Таня скрывала свое чувство к Виктору. Да и о любви его только догадывалась. Рассказать бы ему сейчас, как часто вспоминает она о нем! Но в нее словно бес вселился.
— Ты говоришь «люблю». Просто мы всегда с тобой были хорошими друзьями, вот ты и думаешь обо мне.
— Я так и знал. Зачем же ты зовешь меня на прогулку?

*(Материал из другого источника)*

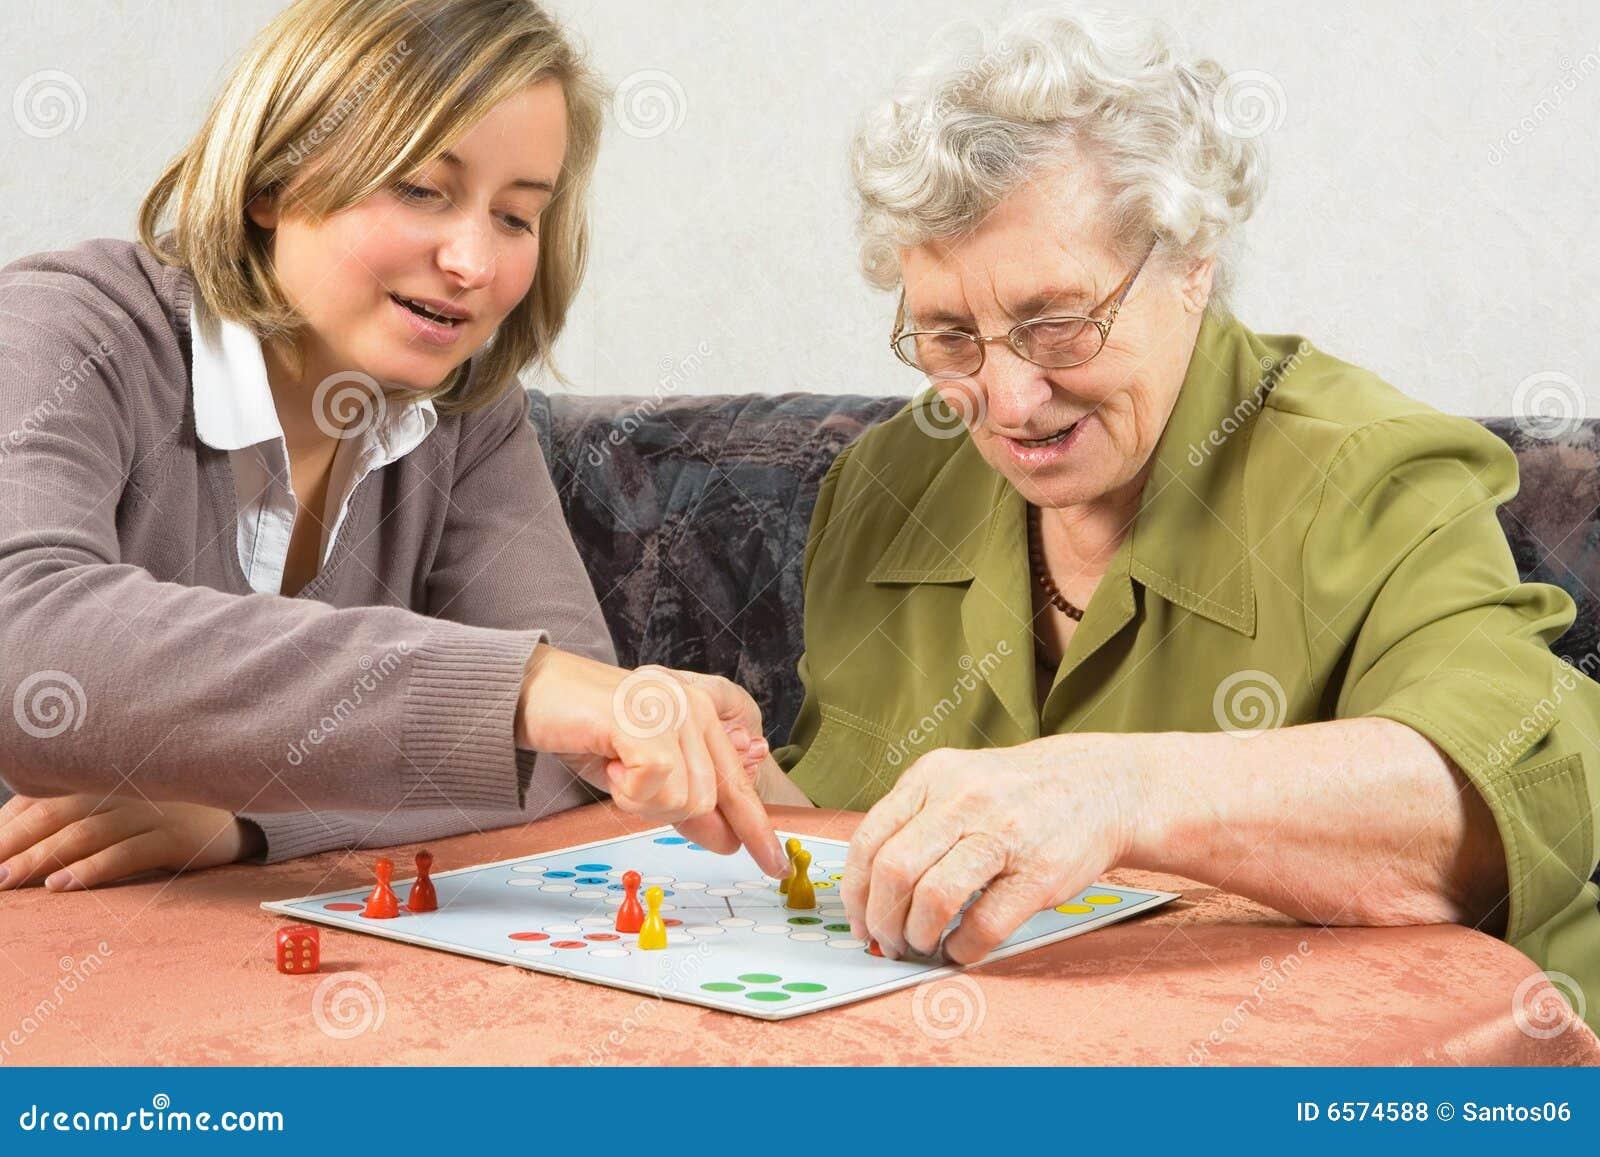 El Envejecimiento Es El Crecimiento Del Alma Juegos Ludicos Activan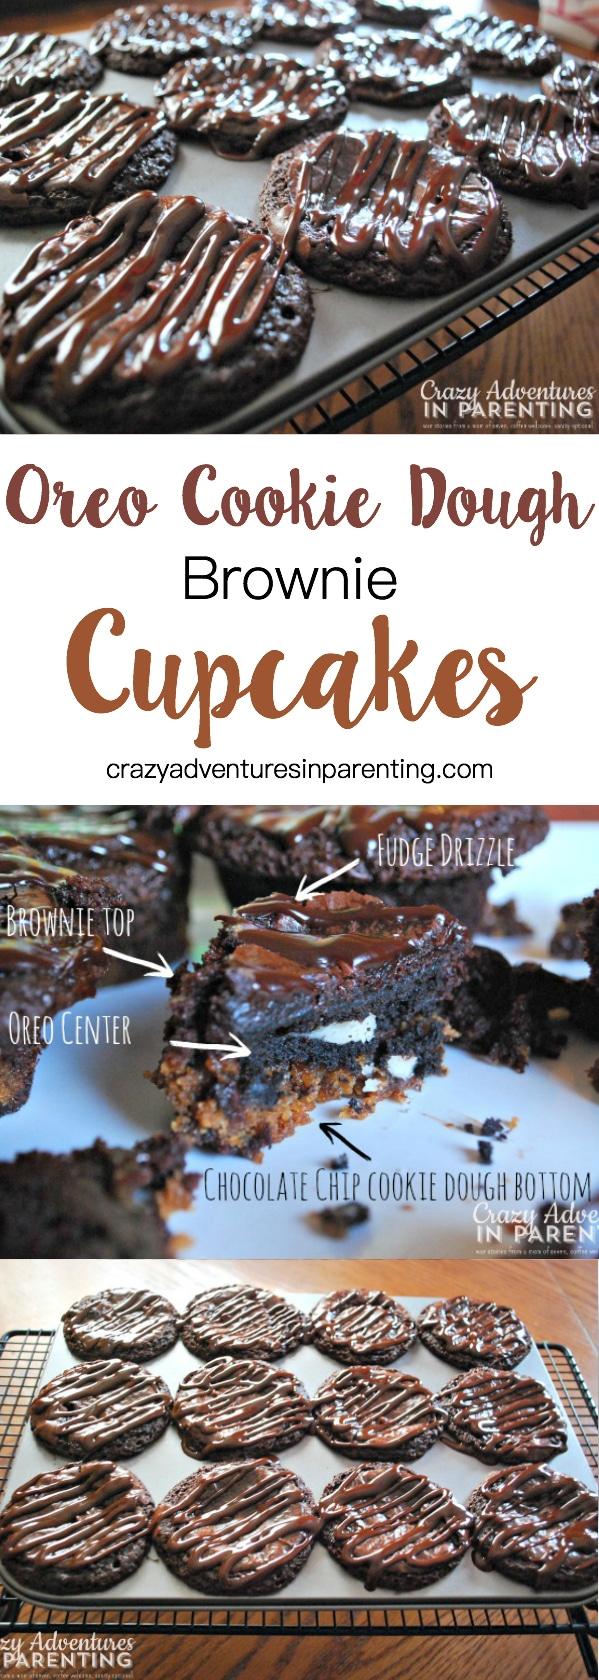 Oreo Cookie Dough Brownie Cupcakes

Чтобы я увидел твоего дружка?
— А почему ты не хочешь его увидеть? Поедем — и увидишь!
Таня имела в виду, что вот там, в лесу, а не на людной улице, Виктор поймет, что именно он и есть ее друг.
Но Виктор понял ее слова в буквальном смысле.
— Нет, спасибо. Я никуда не поеду. Не буду мешать тебе.
— Витя, ну что ты придумал? Да никого у меня нет. Никого я не люблю… Я же пошутила. Хороших друзей много, а любить — никого не люблю. А завтра у нас лыжная тренировка. К соревнованиям готовимся. Неужели ты не понимаешь? Пошли лучше домой, поздно уже.
Лишь у самого дома Виктор глухим, сдавленным голосом сказал:
— Мне за тобой не угнаться. Ты летаешь, а я ползаю. Забудь, пожалуйста, все, о чем я говорил. Может, ты и права, может, это не любовь, а детские грезы. Я не буду мешать тебе.
— Чудак ты, Витька! При чем тут «летаешь», «ползаю»? Друг называется… Да ну тебя! Ничего ты до сих пор не понял.
Таня побежала по лестнице, доставая из кармана ключ. Виктор шел сзади.
— Если надумаешь пойти на лыжах, будь готов к девяти часам, — в темноту проговорила Таня и скрылась за дверью.
В ту ночь она долго не могла уснуть, ругала себя за несносный характер.